A shiny app to display pre-computed simulation results
The above discussion was in regard to a single dataset under a single set of simulation parameters. To provide a much wider scope of simulation settings, we created a web-based shiny app, that serves up pre-computed results over a range of simulation parameters, including different datasets, sample sizes and so on. In addition, it allows users to plot results for only the subset of desired methods and metrics from Figure 4. While new methods can only be added to the shiny app by us, existing simulations can be easily recreated in a local R environment or additional settings can be added, as described in the Supplementary Note. In general, the conclusions observed from the broader range of simulation settings (e.g. different magnitudes of DE, sample sizes) are in agreement with those mentioned above (see also Supplementary Figure S11).
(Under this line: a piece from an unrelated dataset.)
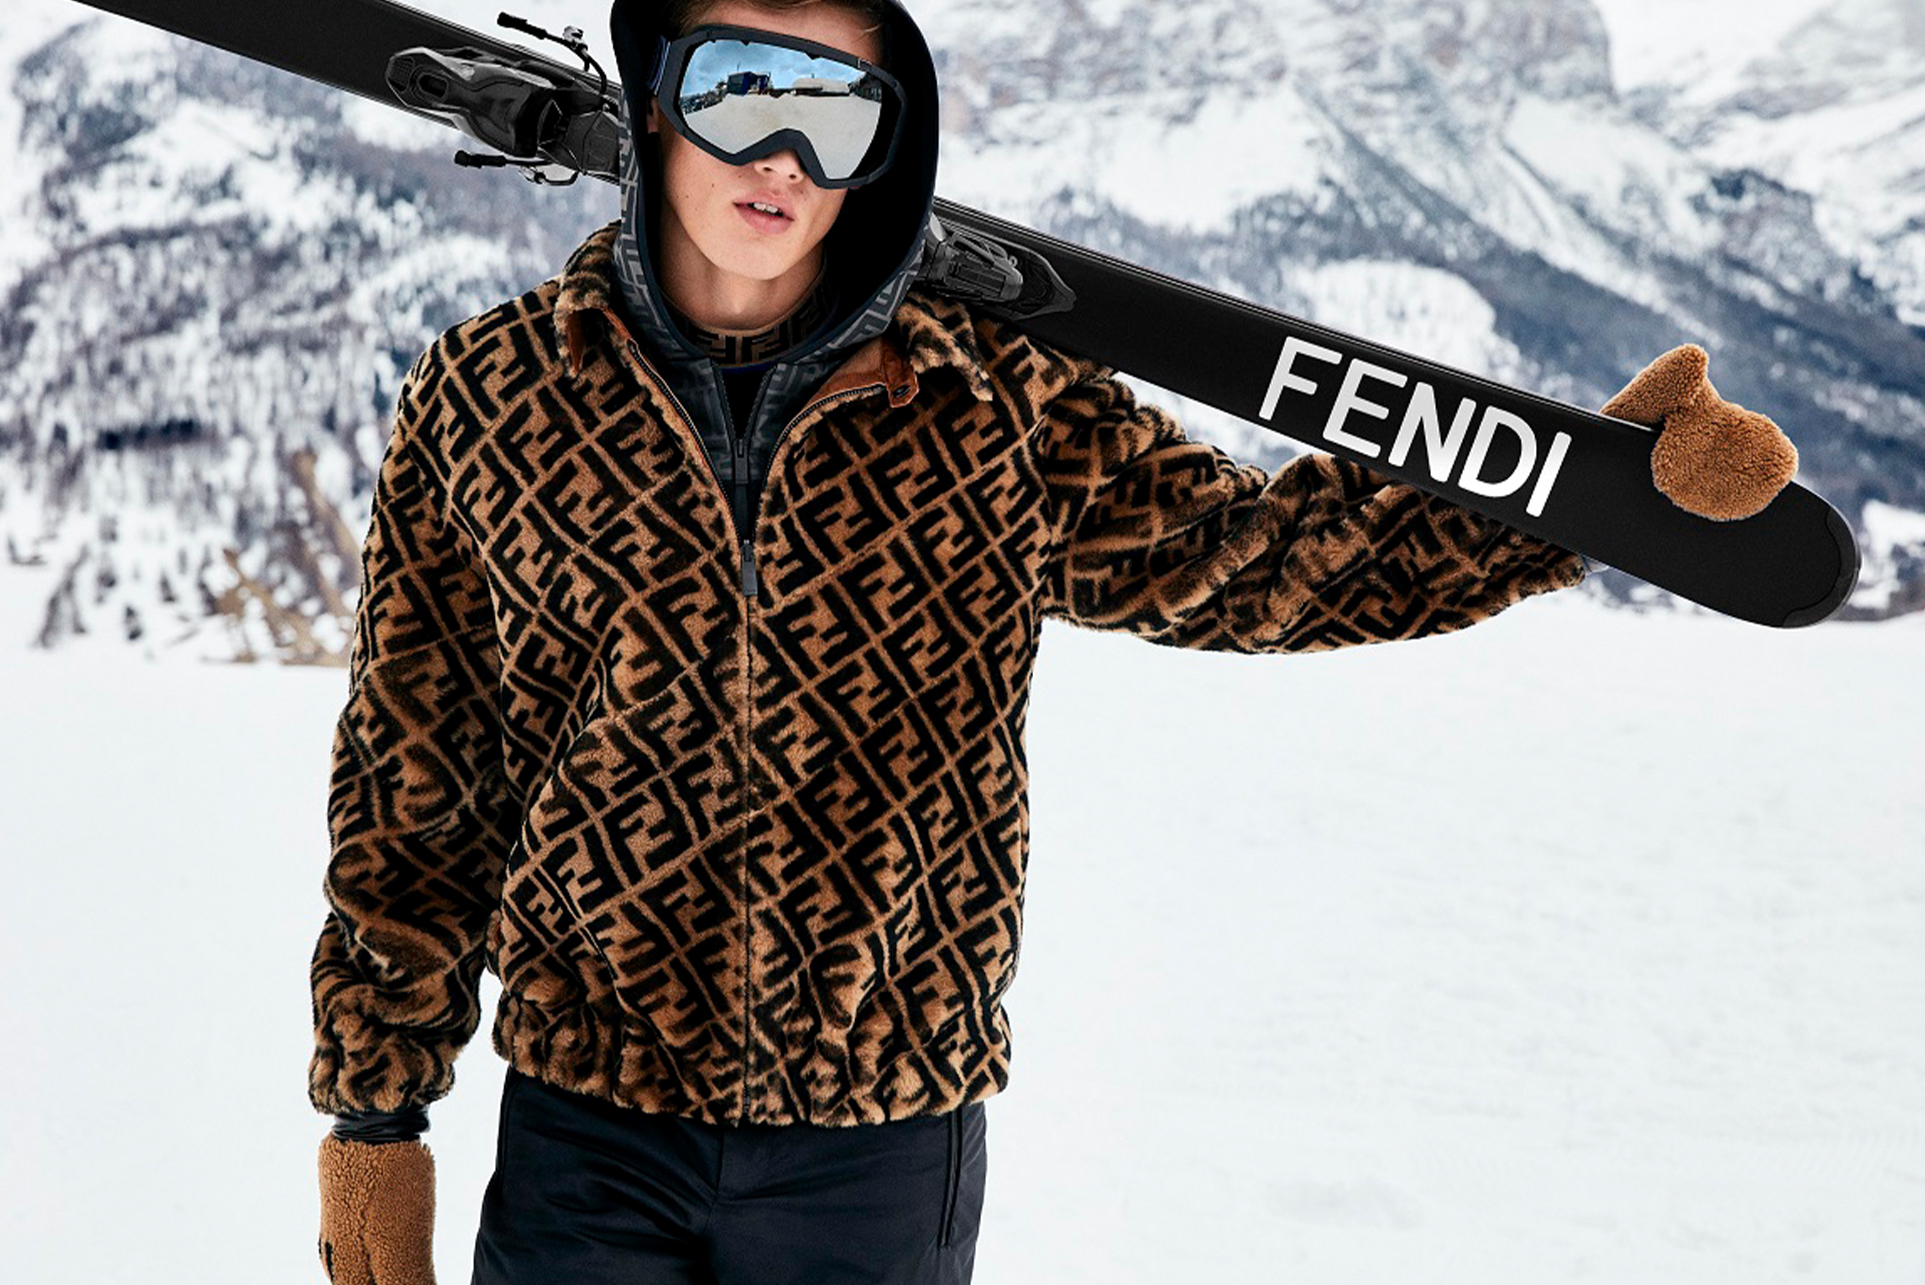 Dior Men推出專業滑雪運動系列？時尚品牌為何搶佔「貴族運動」市場？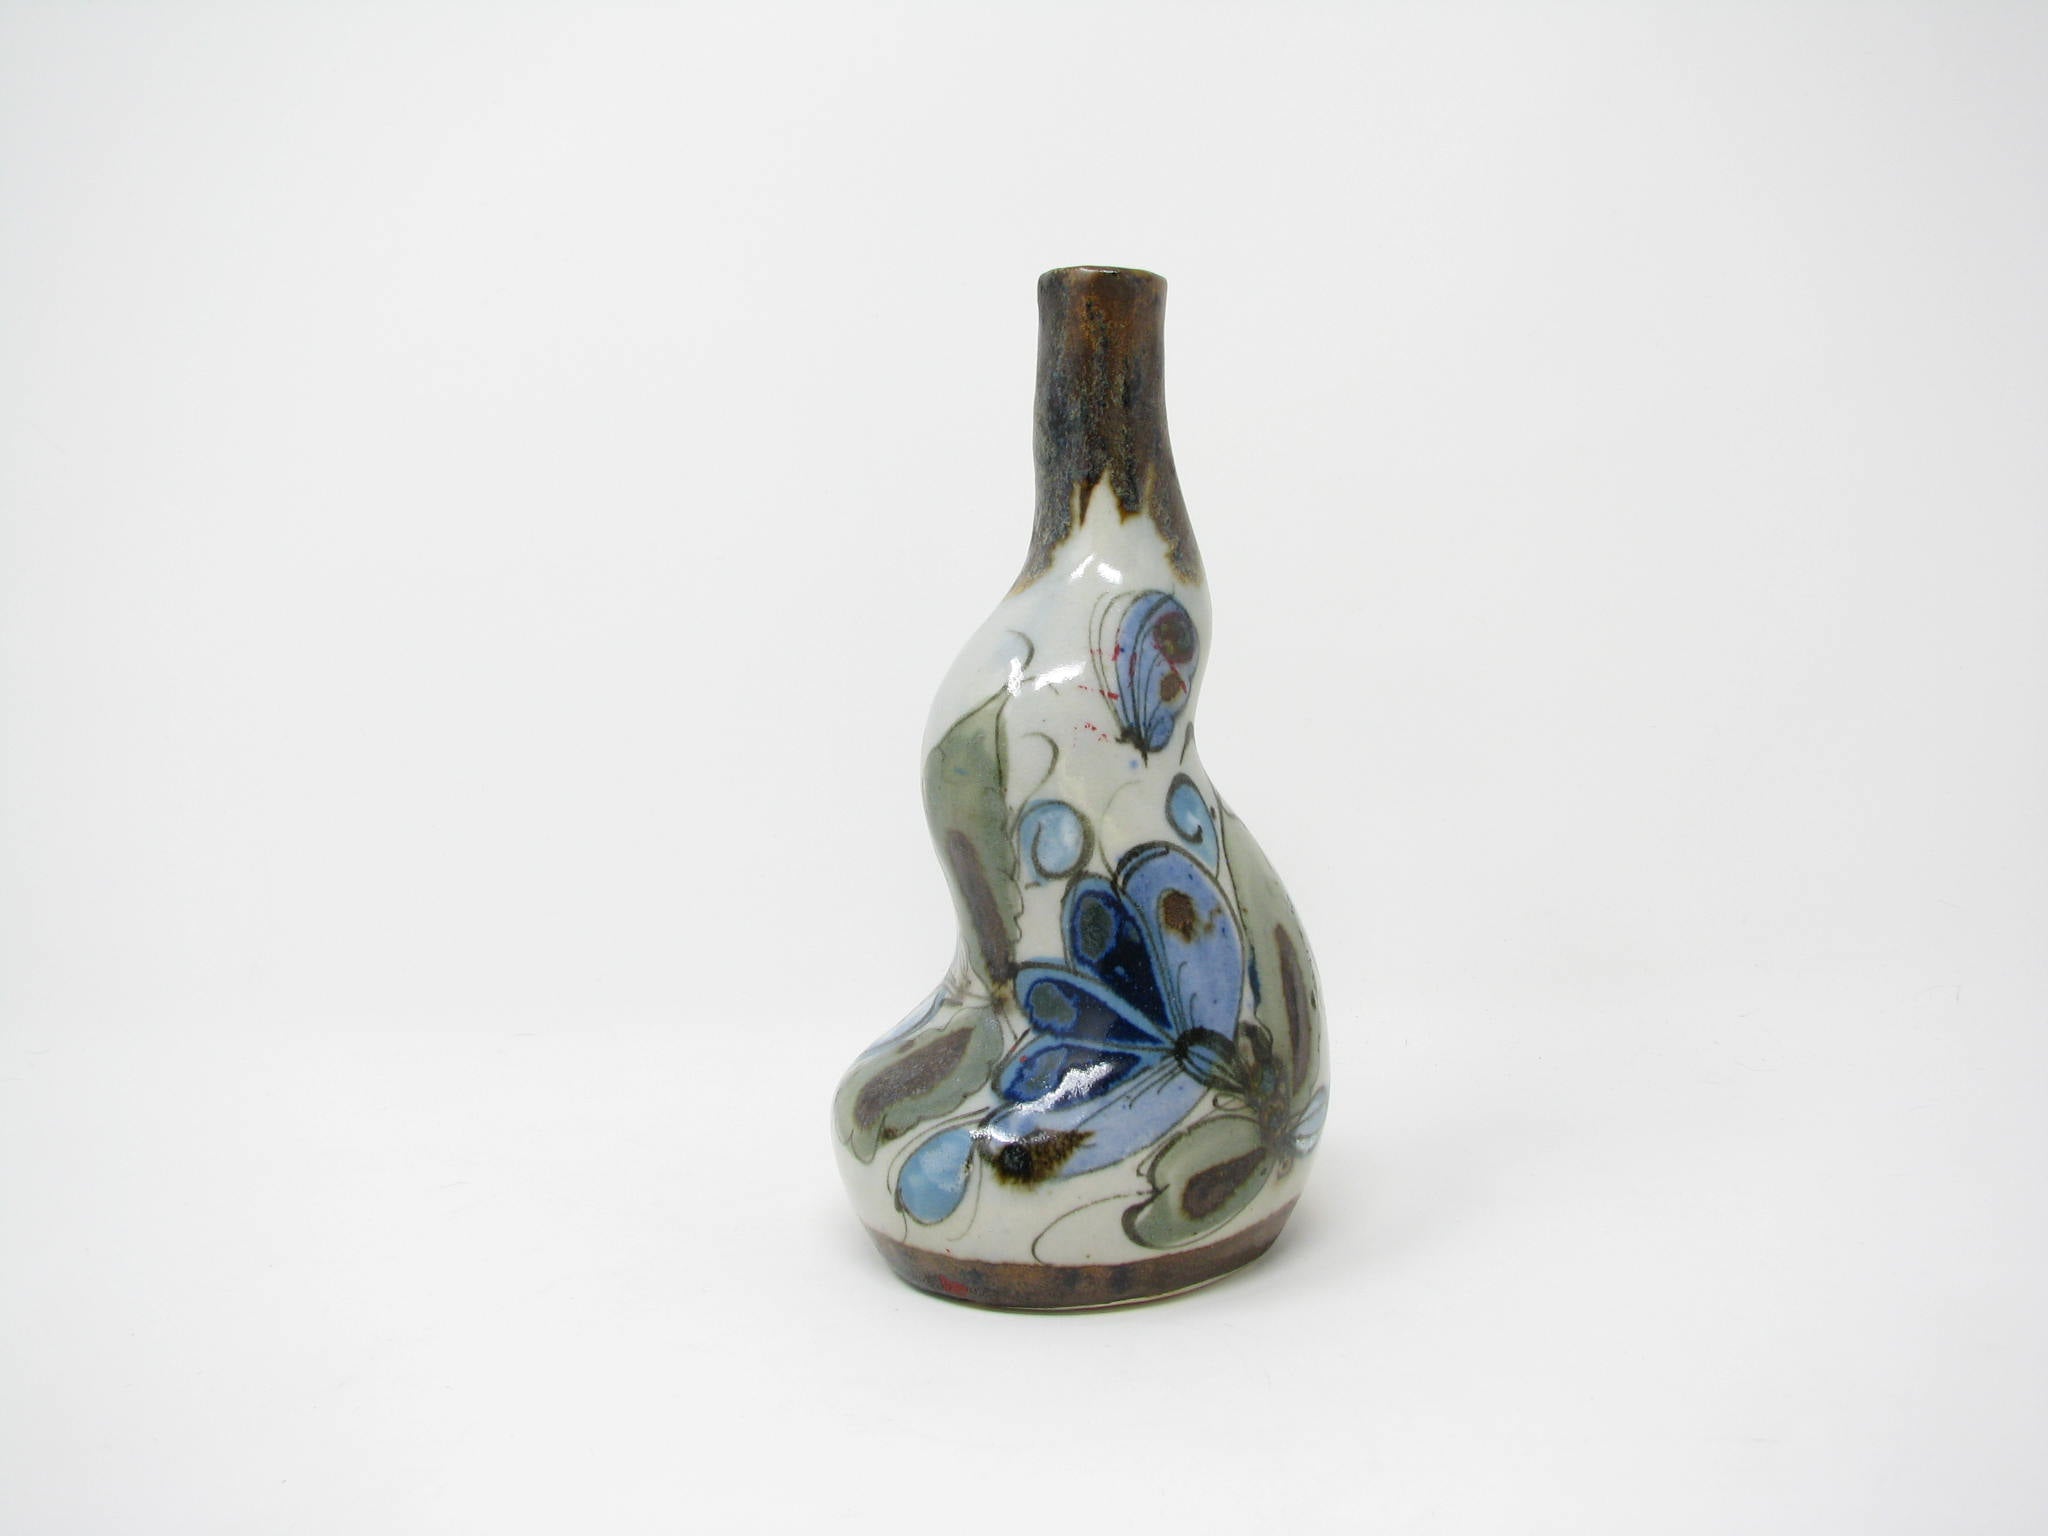 edgebrookhouse - Vintage Ken Edwards Palomar Tonala Mexican Stoneware Pottery Bud Vase with Organic Shape

Across multiple simulations over a range of settings, edgeR-robust is somewhat liberal but maintains a strong power-to-achieved-FDR tradeoff
To complement the simulation results for individual parameter settings, we endeavored to create a compact summary of a wider range of simulations and explore another important aspect of the comparison: do methods accurately control false discovery rate? Figure 5 shows a series of 15 simulations divided into three different blocks based on the degree of difficulty: ‘hard’ (foldDiff ∈ [2, 2.2]), ‘medium’ (foldDiff ∈ [3, 3.3]) and ‘easy’ (foldDiff ∈ [6, 6.6]), including five simulations within each group to illustrate sampling variability. For each dataset, lines connect the true positive rates and achieved FDRs across three thresholds of the estimated FDR (0.02, 0.05, 0.1). The rest of the simulation parameters are kept fixed: the NB model parameters originate from the Pickrell dataset (10), there are 10 000 features, we consider a two-group comparison (5 versus 5), 10% of features are DE and each dataset contains 10% ‘S’ outliers; comparisons for 3 versus 3 and 10 versus 10 are shown in Supplementary Figure S12.
Figure 5.

Power-to-achieved-FDR across hard (foldDiff ∈ [2, 2.2]), medium (foldDiff ∈ [3, 3.3]) and easy (foldDiff ∈ [6, 6.6]) simulation settings. (a) No outliers; (b) 10% outliers. Y-axis shows TP rate and X-axis shows FD rate. Five simulations are shown for each method and each setting. Points are taken according to each method's FDR cutoffs at 0.02, 0.05 and 0.1.
Overall, there is a broad range of power-to-achieved-FDR tradeoffs and no method dominates. EBSeq appears to lack power and can be both liberal and conservative. In general, DESeq is conservative and achieves lower power, as reported earlier (6). Altogether, the collection of methods, such as limma-voom, edgeR, edgeR-robust and DESeq2 achieve similar power-to-achieved-FDR tradeoffs across the sample sizes, with perhaps a tendency to be more liberal in large sample sizes for edgeR and edgeR-robust. As expected and as highlighted above, edgeR-robust appears to have advantages in the presence of outliers, with only a minor decrease in power when no outliers are present. Thus, edgeR-robust achieves a good tradeoff between power at the same achieved FDR, even if the target FDR is not quite met. Notably, DESeq2 offers a small advantage in power at low log-fold-changes while suffering a little bit in power for higher log-fold-changes. In all cases, limma-voom controls FDR well and maintains high power.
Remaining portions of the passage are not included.